В Шведском королевстве - Троицкий вариант — Наука
Публикуем новую главу из будущей книги Михаила Михайлова «Как я был ученым» 1.
В моей деятельности на посту секретаря комитета комсомола института были, разумеется, и полезные моменты. В эти годы меня ввели в закрытый ученый совет и, как правило, приглашали на заседания «большого» совета института. Став «начальником молодежи», я, естественно, с интересом их посещал, как и разные другие совещания.
Они проходили в прекрасном, очень удобном конференц-зале в главном здании института. Поскольку наш отдел, как я уже говорил, размещался в отдельной пристройке в глубине двора, то зимой, чтобы туда попасть, надо было одеваться, потом раздеваться и снова одеваться… Мелочь, скажете вы? Но если вы не имели непосредственного отношения к мероприятиям в главном здании, а дел было выше крыши, любая отговорка позволяла остаться на рабочем месте.
Между тем наша группа росла, и работа в ней шла очень успешно. Появлялись стажеры из провинции, из союзных республик, аспиранты. Защитил очень сто́ящую кандидатскую Владислав, успешно работал Джо. Меня избрали старшим научным сотрудником. Накапливался материал для докторской диссертации.
На разных советах, конференциях и совещаниях очень активно выступал Н. Н. Он уже стал членом-корреспондентом Академии наук, и никто не сомневался, что на следующих выборах его изберут академиком, тем более, что одно из министерств, как мне шепнули, готово было добиться выделения персональной вакансии под его кандидатуру.
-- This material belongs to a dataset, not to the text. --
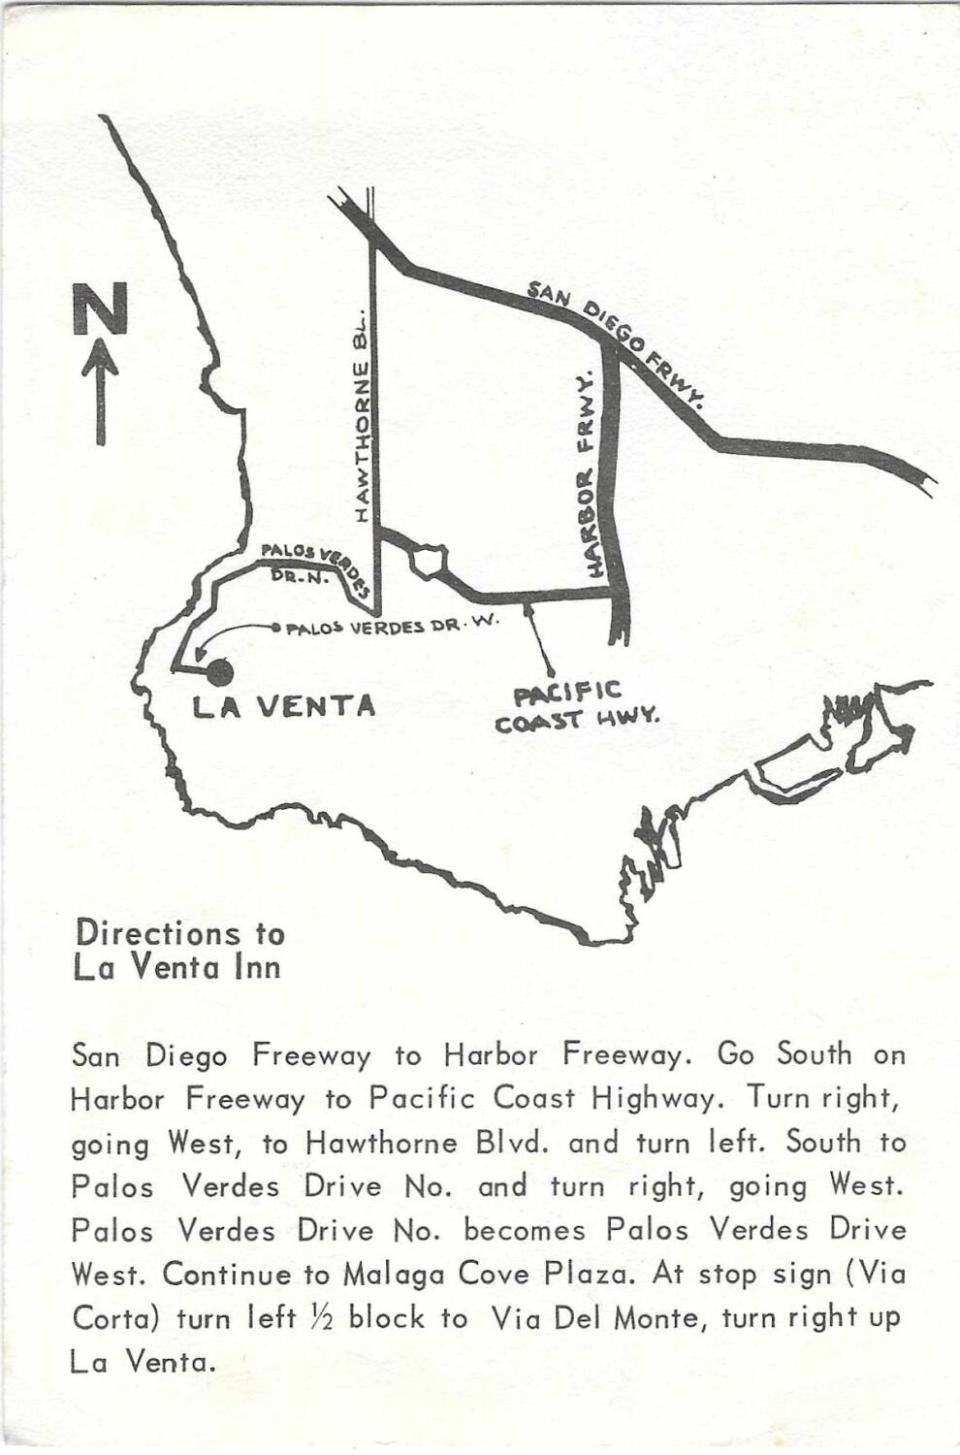 Map of Palos Verdes Peninsula, South Bay and port area, with written directions to La Venta Inn

В своих выступлениях он неизменно подчеркивал успехи нашей группы, всегда отмечая, что ее руководительницей является Валентина Сергеевна. Сколько я помню, моя фамилия не прозвучала ни разу. Меня это задевало, конечно, но не очень сильно, поскольку я понимал, что Валентина действительно официально начальствовала над группой, а тащить в выступлениях целую «бороду» сотрудников было просто нескладно. Я осознавал, что народ знал мои открытые работы, а также, видимо, слышал об успехах в закрытой сфере и относился вполне доброжелательно на всех уровнях.
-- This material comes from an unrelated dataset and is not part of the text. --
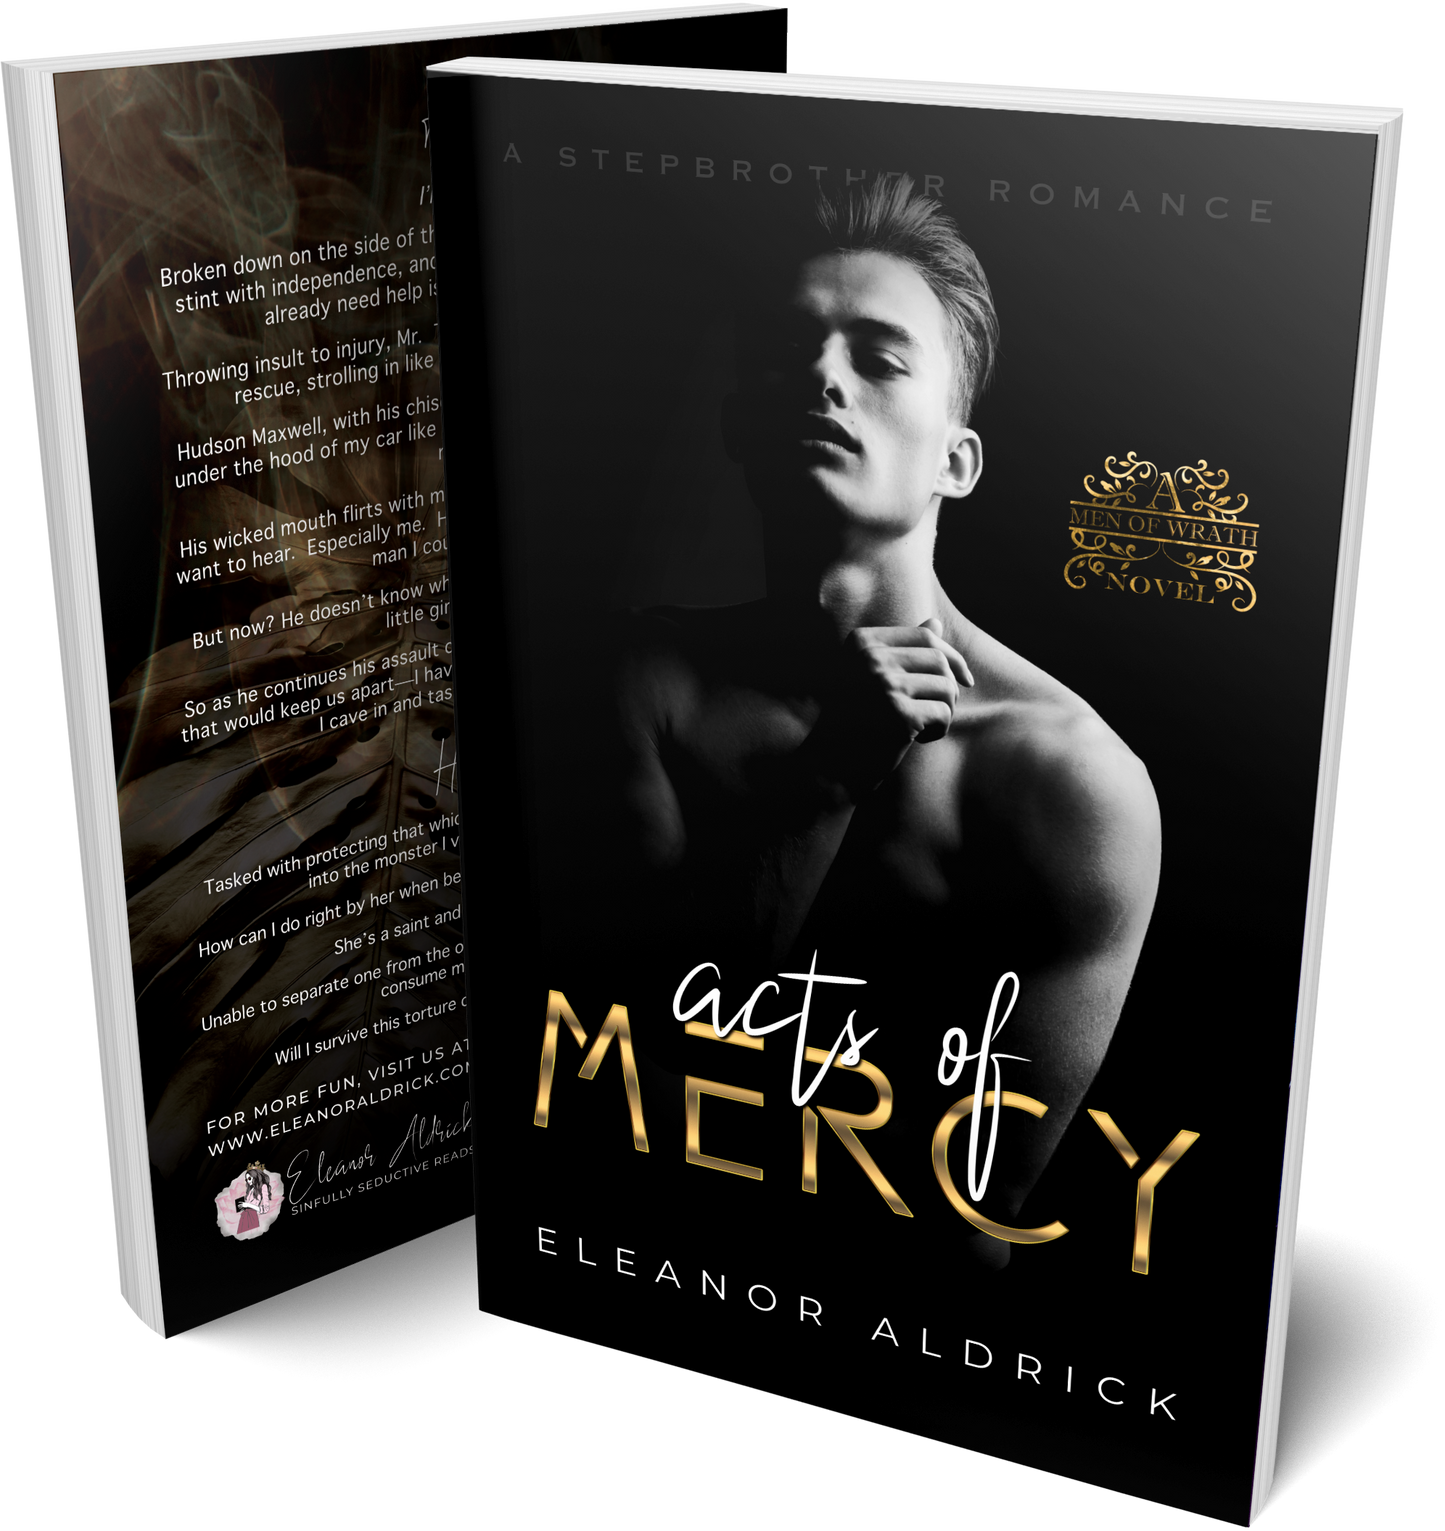 Acts of Mercy: A Stepbrother Romance (Men of WRATH)

При этом Н. Н. не обделял меня вниманием. Втроем с Валентиной или с глазу на глаз мы часто обсуждали различные повороты исследований. Он охотно договаривался со «смежниками» о проведении испытаний, помогал с оборудованием и реактивами и способствовал привлечению новых кадров.
Методом ударной возгонки
Мощнейшим средством поощрения ученых в те годы были командировки за рубеж. Удивительно, но меня с Валентиной — сотрудников закрытого отдела — он ухитрялся отправлять не только в «страны социалистического лагеря», но и в капстраны. Помимо ЧССР, меня командировали в Восточную Германию и Польшу, а Валентина, кроме ЧССР, ГДР и Польши, несколько раз стажировалась в Швеции. Сам Н. Н. ездил чрезвычайно редко. Но, может, я и ошибаюсь: иногда мы просто знали о том, что он «был в командировке».
Однажды Н. Н. пригласил меня в кабинет и познакомил с Сало Клиновичом — очень видным шведским ученым лет пятидесяти пяти, специалистом в области азотсодержащих соединений. В какой-то мере мы конкурировали с его лабораторией, поэтому он прекрасно знал наши работы, а мы — его исследования. Именно у него несколько раз стажировалась Валентина.
Прадед Сало в свое время эмигрировал из России в Германию, а позднее семья перебралась в Швецию. Никто из его родни, конечно, уже не говорил по-русски, но при удобных случаях, особенно в теплых компаниях советских ученых, Сало мог ввернуть несколько русских слов, обычно связанных с выпивкой, и поразглагольствовать о своих корнях. Он был жизнерадостен, не дурак выпить, снисходительно относился к разнице в идеологиях государств и неизменно демонстрировал непоколебимый ничем конформизм.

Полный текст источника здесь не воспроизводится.